The Chicago Teachers Union (CTU) released a statement almost immediately after DeVos was confirmed, calling her “completely unqualified for the position due to her lack of experience in public schools.” Echoing Gondolfi’s remarks, the CTU wrote that Emanuel’s existing moves toward school privatization “helped pave the way for the nightmare that is ‘U.S. Secretary of Education Betsy DeVos’ and the damage she will do nationally.”
Educators and parents have a keen understanding of how DeVos’ “school choice” plans will impact schools, and so do those most vulnerable to changes in Chicago's education policy: public school students. Just days before DeVos was confirmed, CPS high school student Nathan Petithomme penned an essay for the Southside Weekly, expertly detailing the damage Secretary DeVos could wreak on his education. A student of Lindblom Math and Science Academy, a selective enrollment high school in Englewood, Petithomme opines that “stripping funds from already suffering neighborhood schools will effectively kill public education.”

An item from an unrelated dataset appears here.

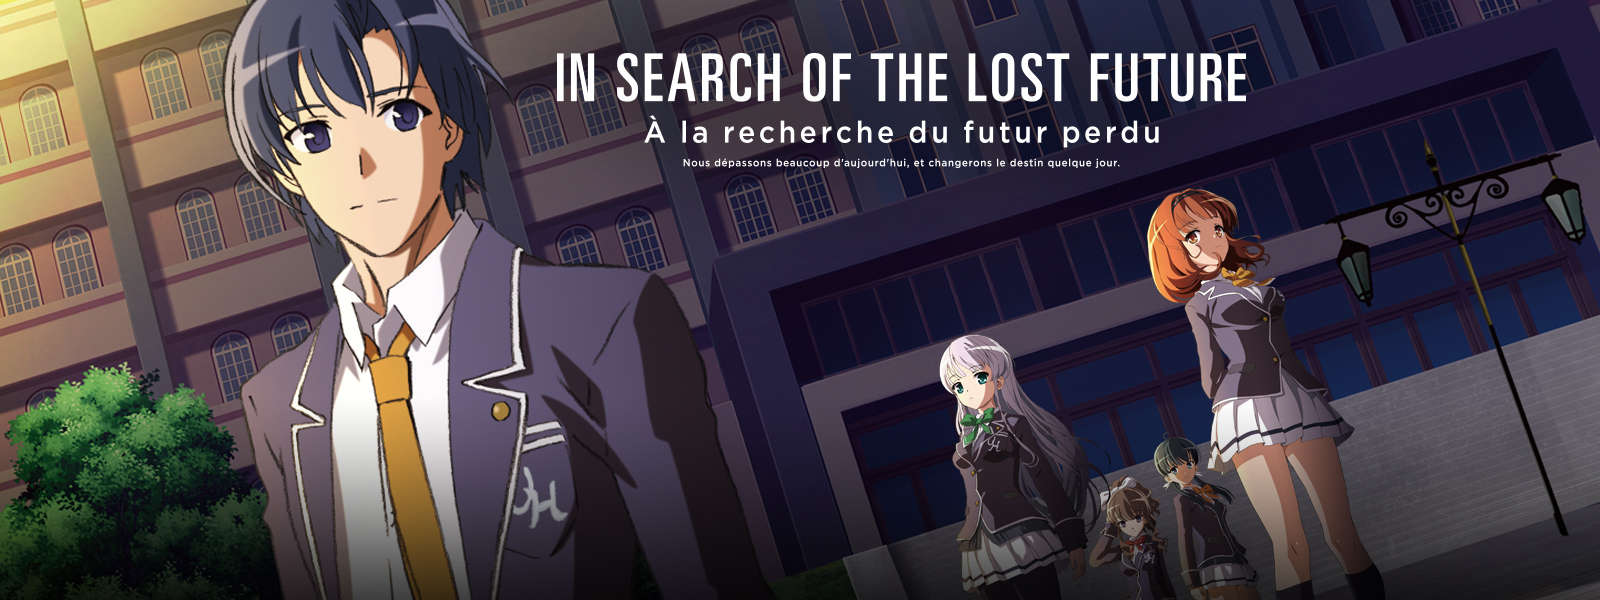 In Search of the Lost Future

Citing the unequal distribution of funds throughout CPS and the struggles of the Chicago Teachers Union to negotiate fair contracts, Petithomme argues that conditions will worsen if DeVos’s school choice ideology prevails: “It will harm students who still depend on these public schools for their education, and it will harm minority students and teachers who may be subject to discrimination by private schools based on religion, gender, disability, sexual orientation, or socioeconomic status, inevitably leading to mixed standards and an unfair playing field for student achievement.”
With the ever-rising tide of challenges facing public schools in Chicago, there’s good reason to be anxious about the future of public education, but the situation isn’t without hope. Gondolfi tells Complex that schools can be the key to activating communities. “More than ever, schools need to engage their communities for support,” he says. “There’s only so much power teachers and principals have to advocate for themselves, but if we publicize our successes to counter the narrative of ‘failing public schools,’ we stand a fighting chance.”